[Collection entries]
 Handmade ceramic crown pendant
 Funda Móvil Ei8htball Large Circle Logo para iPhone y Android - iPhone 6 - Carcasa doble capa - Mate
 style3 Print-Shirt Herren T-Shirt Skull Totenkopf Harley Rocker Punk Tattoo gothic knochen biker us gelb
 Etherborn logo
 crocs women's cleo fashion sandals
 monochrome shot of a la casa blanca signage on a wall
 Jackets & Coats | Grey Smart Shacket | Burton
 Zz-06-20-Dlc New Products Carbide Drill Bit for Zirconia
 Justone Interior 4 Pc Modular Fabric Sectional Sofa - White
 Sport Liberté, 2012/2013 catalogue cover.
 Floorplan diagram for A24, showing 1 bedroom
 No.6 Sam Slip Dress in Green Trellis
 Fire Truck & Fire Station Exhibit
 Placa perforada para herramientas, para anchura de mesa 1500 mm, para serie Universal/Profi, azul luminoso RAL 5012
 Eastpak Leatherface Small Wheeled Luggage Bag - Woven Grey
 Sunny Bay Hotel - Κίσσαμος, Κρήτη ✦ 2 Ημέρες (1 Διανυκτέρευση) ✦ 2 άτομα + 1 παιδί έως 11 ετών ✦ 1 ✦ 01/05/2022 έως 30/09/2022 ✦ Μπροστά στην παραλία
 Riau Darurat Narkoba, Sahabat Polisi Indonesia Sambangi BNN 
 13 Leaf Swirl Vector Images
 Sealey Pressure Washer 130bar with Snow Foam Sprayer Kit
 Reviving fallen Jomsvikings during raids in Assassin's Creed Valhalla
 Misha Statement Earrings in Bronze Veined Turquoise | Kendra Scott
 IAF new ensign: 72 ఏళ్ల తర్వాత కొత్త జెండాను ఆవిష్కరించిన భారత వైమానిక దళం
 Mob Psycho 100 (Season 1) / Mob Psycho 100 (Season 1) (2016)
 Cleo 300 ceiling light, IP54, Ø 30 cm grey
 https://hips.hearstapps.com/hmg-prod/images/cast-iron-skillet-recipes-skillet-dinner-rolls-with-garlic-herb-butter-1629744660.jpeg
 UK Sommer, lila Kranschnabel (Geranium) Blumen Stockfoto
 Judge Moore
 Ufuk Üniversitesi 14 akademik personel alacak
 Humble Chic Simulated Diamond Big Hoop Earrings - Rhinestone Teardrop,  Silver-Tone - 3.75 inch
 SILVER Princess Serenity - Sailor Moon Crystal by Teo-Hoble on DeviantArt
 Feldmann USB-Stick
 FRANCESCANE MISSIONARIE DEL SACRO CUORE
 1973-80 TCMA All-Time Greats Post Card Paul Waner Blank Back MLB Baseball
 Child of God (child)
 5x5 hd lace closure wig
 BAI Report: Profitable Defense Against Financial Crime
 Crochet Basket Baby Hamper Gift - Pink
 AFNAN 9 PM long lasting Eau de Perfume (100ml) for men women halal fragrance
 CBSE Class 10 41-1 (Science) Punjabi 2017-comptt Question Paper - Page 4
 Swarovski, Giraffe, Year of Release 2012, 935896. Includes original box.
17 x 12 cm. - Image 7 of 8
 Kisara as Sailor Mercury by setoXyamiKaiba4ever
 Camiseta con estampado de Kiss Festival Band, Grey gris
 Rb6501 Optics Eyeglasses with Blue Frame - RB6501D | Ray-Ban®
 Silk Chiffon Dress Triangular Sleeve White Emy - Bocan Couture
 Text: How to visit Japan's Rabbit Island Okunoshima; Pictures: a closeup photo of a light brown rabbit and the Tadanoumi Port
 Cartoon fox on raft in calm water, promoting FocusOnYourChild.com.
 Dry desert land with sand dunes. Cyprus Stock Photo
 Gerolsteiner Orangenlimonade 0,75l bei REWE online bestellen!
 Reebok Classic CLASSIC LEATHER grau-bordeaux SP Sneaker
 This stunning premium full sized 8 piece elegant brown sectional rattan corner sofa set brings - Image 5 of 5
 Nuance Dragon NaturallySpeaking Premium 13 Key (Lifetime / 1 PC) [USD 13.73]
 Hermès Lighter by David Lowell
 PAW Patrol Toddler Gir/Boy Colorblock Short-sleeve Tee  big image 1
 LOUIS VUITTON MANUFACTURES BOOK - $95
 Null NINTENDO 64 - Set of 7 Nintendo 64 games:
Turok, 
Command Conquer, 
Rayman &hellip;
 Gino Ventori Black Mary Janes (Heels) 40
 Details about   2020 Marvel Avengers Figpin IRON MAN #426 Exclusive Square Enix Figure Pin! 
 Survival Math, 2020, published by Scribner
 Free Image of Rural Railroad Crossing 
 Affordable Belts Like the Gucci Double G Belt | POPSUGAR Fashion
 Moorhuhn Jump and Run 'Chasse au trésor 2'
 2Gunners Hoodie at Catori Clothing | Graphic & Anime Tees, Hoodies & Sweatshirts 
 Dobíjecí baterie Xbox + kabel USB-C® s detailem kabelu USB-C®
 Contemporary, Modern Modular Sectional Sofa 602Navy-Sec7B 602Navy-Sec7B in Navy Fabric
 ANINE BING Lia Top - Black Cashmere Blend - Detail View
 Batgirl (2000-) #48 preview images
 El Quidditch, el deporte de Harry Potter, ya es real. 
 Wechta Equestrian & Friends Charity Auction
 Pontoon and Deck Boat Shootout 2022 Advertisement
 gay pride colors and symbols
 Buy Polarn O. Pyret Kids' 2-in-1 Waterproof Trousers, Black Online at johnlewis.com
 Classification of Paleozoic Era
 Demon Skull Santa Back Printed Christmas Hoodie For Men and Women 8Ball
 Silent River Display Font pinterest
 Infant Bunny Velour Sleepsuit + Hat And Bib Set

* **Task statement**: State the number of lines in the preceding data that contain the word "Earrings", and nothing besides.

* **Written reply**: 2